The plaintiffs filed the suit for recovery of a sum of over Rs 1. 24 crores based on a memorandum of understating (“MoU”) entered into with the defendants and multiple negotiable instruments issued by the defendants in favour of the plaintiffs. The defendants filed the instant interim application seeking the reference of the dispute to arbitration because of an arbitration clause in the MoU. The plaintiffs resisted the application averring that there was a series of transactions between them and the defendants. Their claim consisted of two parts, the first part based on cheques issued by the defendants and the second part based on bills of exchange. It was submitted that the arbitration clause in the MoU covered only the first part, whereas the second part was out of its purview.
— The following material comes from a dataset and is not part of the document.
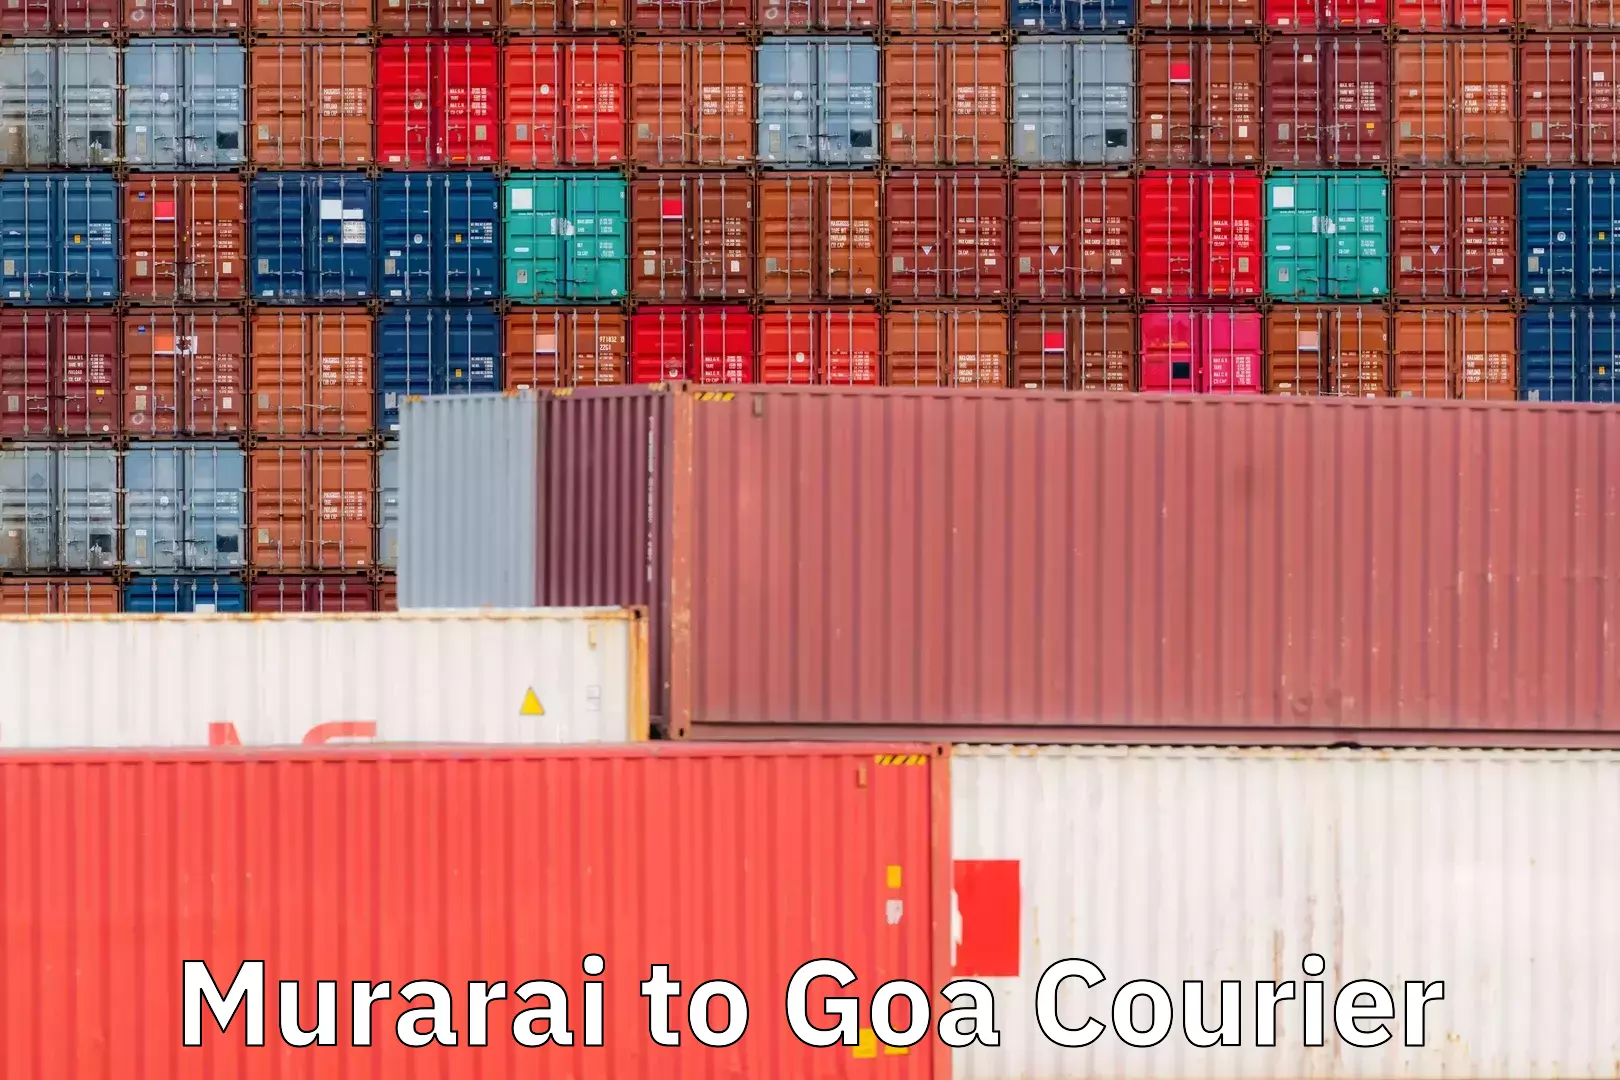 Efficient order fulfillment Murarai to Goa

Narayan Sahu, counsel for the plaintiffs, submitted that the subject matter of the suit could not be bifurcated and, therefore, the application under Section 8 of the Arbitration and Conciliation Act became untenable. While on the other hand, Saurab Oka, counsel for the defendants, insisted on allowing their application under Section 8 and refer the dispute for arbitration.
According to the High Court, the crucial question which wrenches to the fore was: whether the effect and force of the arbitration clause get diluted on account of inclusion in the suit, of a claim in respect of a dispute which is not governed by the arbitration clause?
The Court thought it fit to consider the question from the perspective of the legislative object contained in Section 8. Referring to Order 2 Rules 3 and 6 CPC and relying on the Supreme Court decisions in Sundaram Finance Ltd. v. T. Thankam, (2015) 14 SCC 444, it was held by the High Court that if the submission of the plaintiff as aforementioned is readily accepted, it has the propensity to give a long leash to the plaintiff to circumvent the arbitration agreement by uniting a cause of action which is beyond the purview of the arbitration agreement. It would have the effect of denuding Section 8 of its force and vigour. Such an interpretation would also derogate from the object which the Arbitration and Conciliation Act, 1996 is intended to achieve: of minimum judicial intervention where parties have agreed to arbitrate the dispute.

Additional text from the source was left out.